JUDY: A friend of mine, a widow and like you a Buddhist, talked me into taking a course about Buddhism called “Awakening Joy. ” I’m learning a lot. Meditation techniques help. Old age, suffering and death are inevitable and universal. I want to learn how to approach my life with compassion. But there’s something about Buddhism I really resist. How do I reconcile accepting pain, suffering and death with what all of us, and especially Mme. Binh believed in : fighting against oppression and for national liberation? If one accepts the inevitability of death, why not accept the inevitability of foreign occupation? If one accepts suffering as part of life, why fight against being poisoned by Agent Orange? Is suffering caused by injustice right to fight against, while the best response to inevitable suffering is, as Mme Binh says, to tell yourself, ‘Life is like that, What can we do?” I guess what I’m really asking is – where does being a rebel fit in? So this is what I wrestle with about Buddhism.

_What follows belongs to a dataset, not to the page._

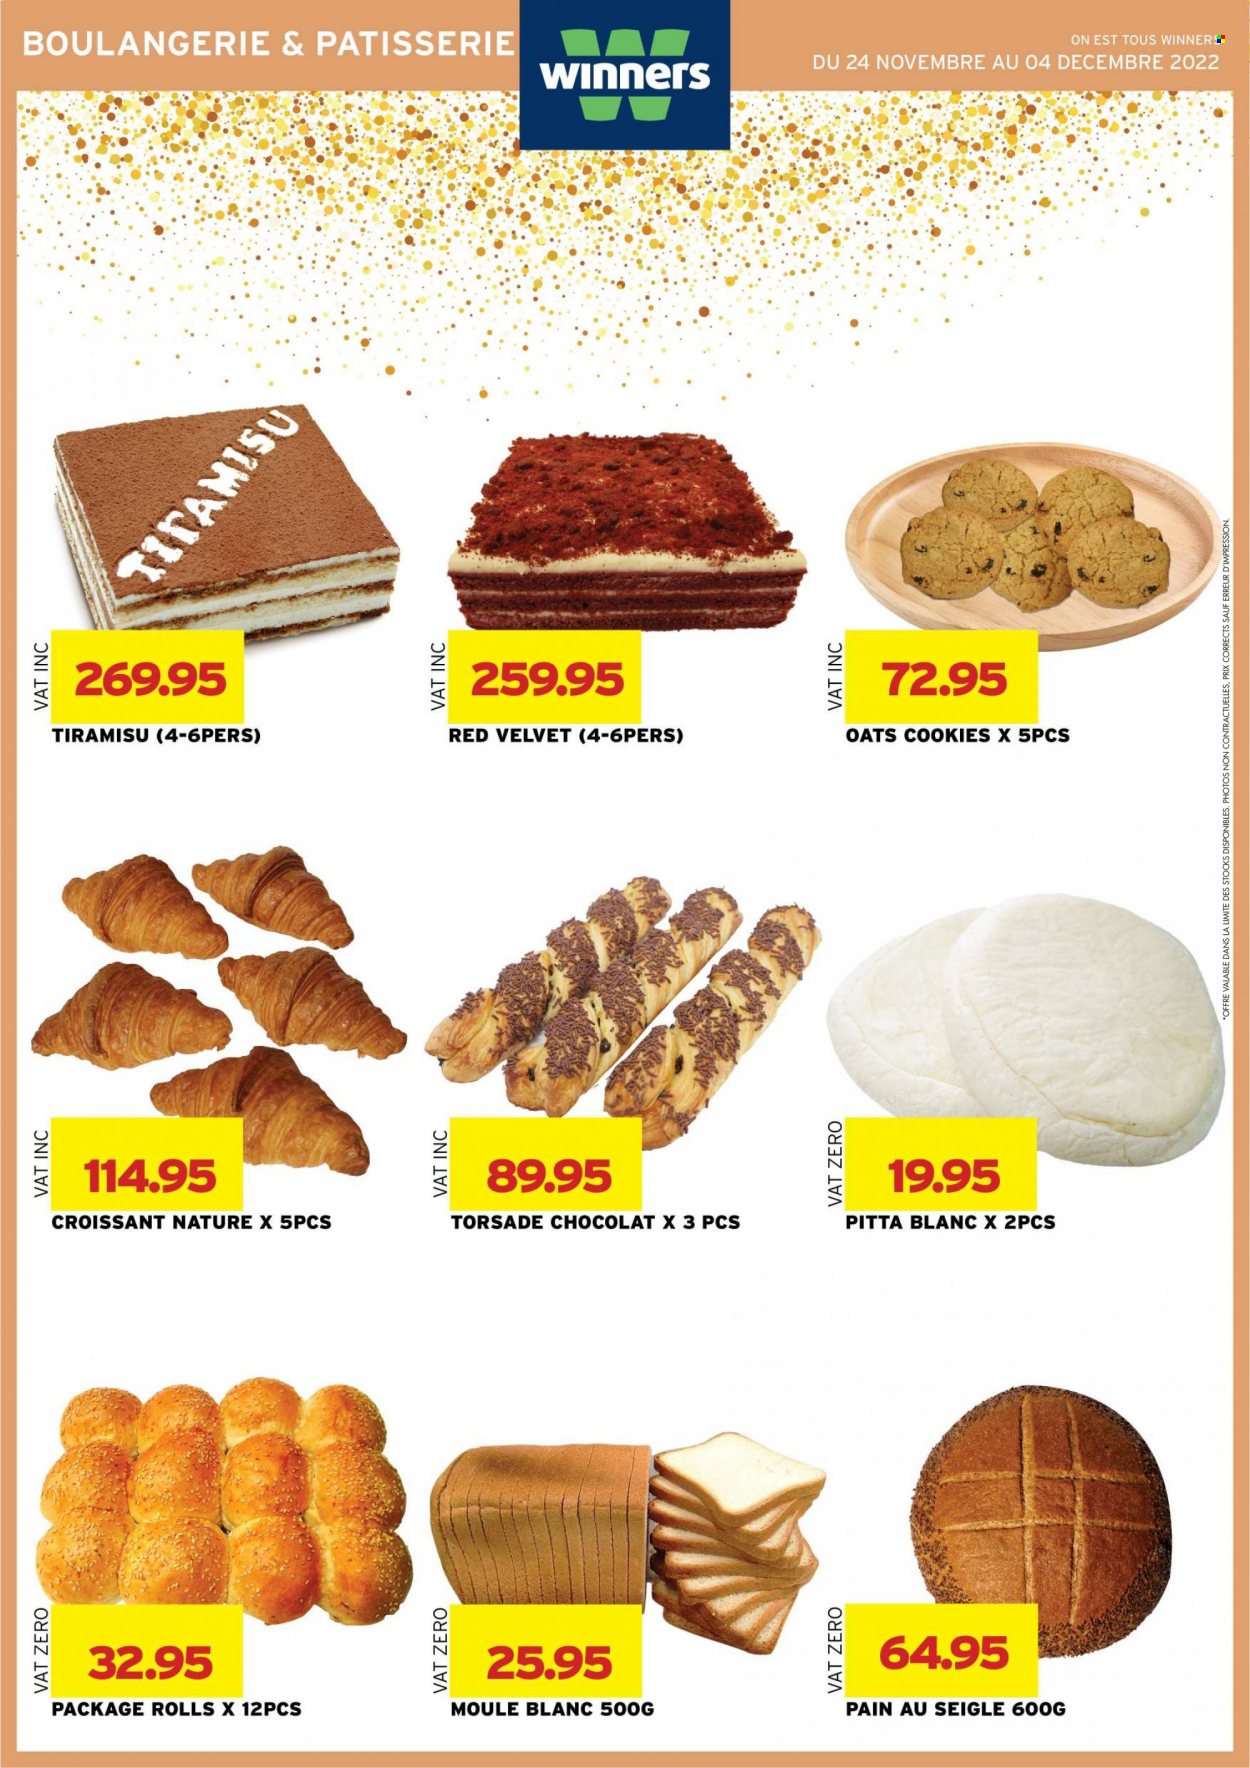 thumbnail - Winner's Catalogue - 24.11.2022 - 4.12.2022 - Sales products - croissant, tiramisu, cookies, oats. Page 6.

RANDY: This is an amazing and important conversation. And believe me, I have struggled with EXACTLY the question about activism/acceptance that you have raised. I have some thoughts, but of course no answers. It is our particular koan as social justice advocates.
Randy’s words reprinted with her permission. To be continued….
ADDENDUM: I reported this conversation to Kokko, my acupuncturist and Chinese herbalist.
KOKKO: You were a monk in a past life. You don’t have to come back and do it again.